Quant à ceux qui, chez nous, s'inquiètent de l'avenir des minorités américaines, des femmes et de toutes les catégories sociales défavorisées, disons simplement que ce n'est pas notre combat. C'est celui des élites de la gauche américaine qui doivent arrêter de se bercer d'illusions et s'organiser pour défendre leurs intérêts. Et si Trump est intégriste, c'est à elles de s'y opposer, comme nous l'avons fait dans les années 90. Je n'ai pas le souvenir de quelque soutien que ce soit de l'Amérique qui, au contraire, accueillait des personnes ayant un lien étroit avec le terrorisme ! Je n'ai pas le souvenir d'articles de presse saluant les marches contre l'intégrisme armé, comme celle du RCD, stoppée par une bombe, ou celle du million de femmes en 1995. Ce n'est pas notre combat.
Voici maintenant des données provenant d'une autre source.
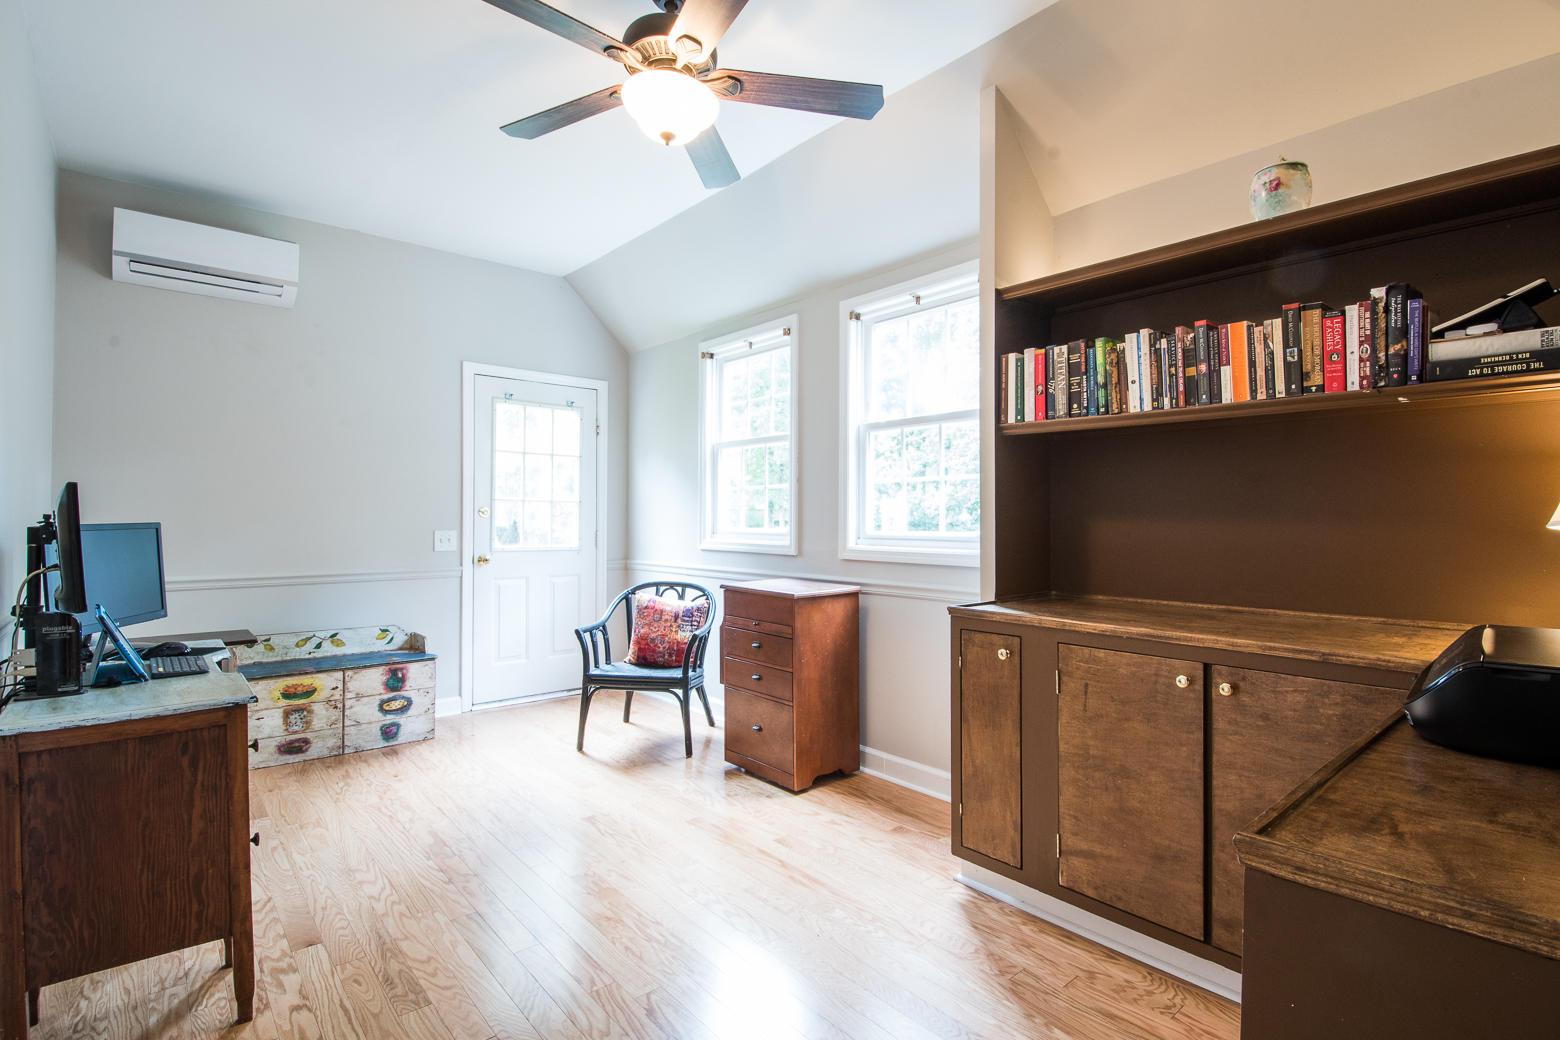 Dunes West Homes For Sale - 1111 Black Rush, Mount Pleasant, SC - 23

Ce n'est pas notre affaire. Nous avons trop fait pour les opposants américains en accueillant des mouvements interdits, comme celui des «Panthères noires». Et si certains s'inquiètent du sort des musulmans et des Noirs, je leur rappelle qu'il y a, en ces nuits de froid intense, des Noirs musulmans, nos frères venus des profondeurs de l'Afrique, qui souffrent au bas de leurs immeubles. Avant de penser à ceux de Miami ou de Detroit, faites un geste pour ces êtres humains qui ne garderont de notre société que la hideuse image du racisme et de l'indifférence !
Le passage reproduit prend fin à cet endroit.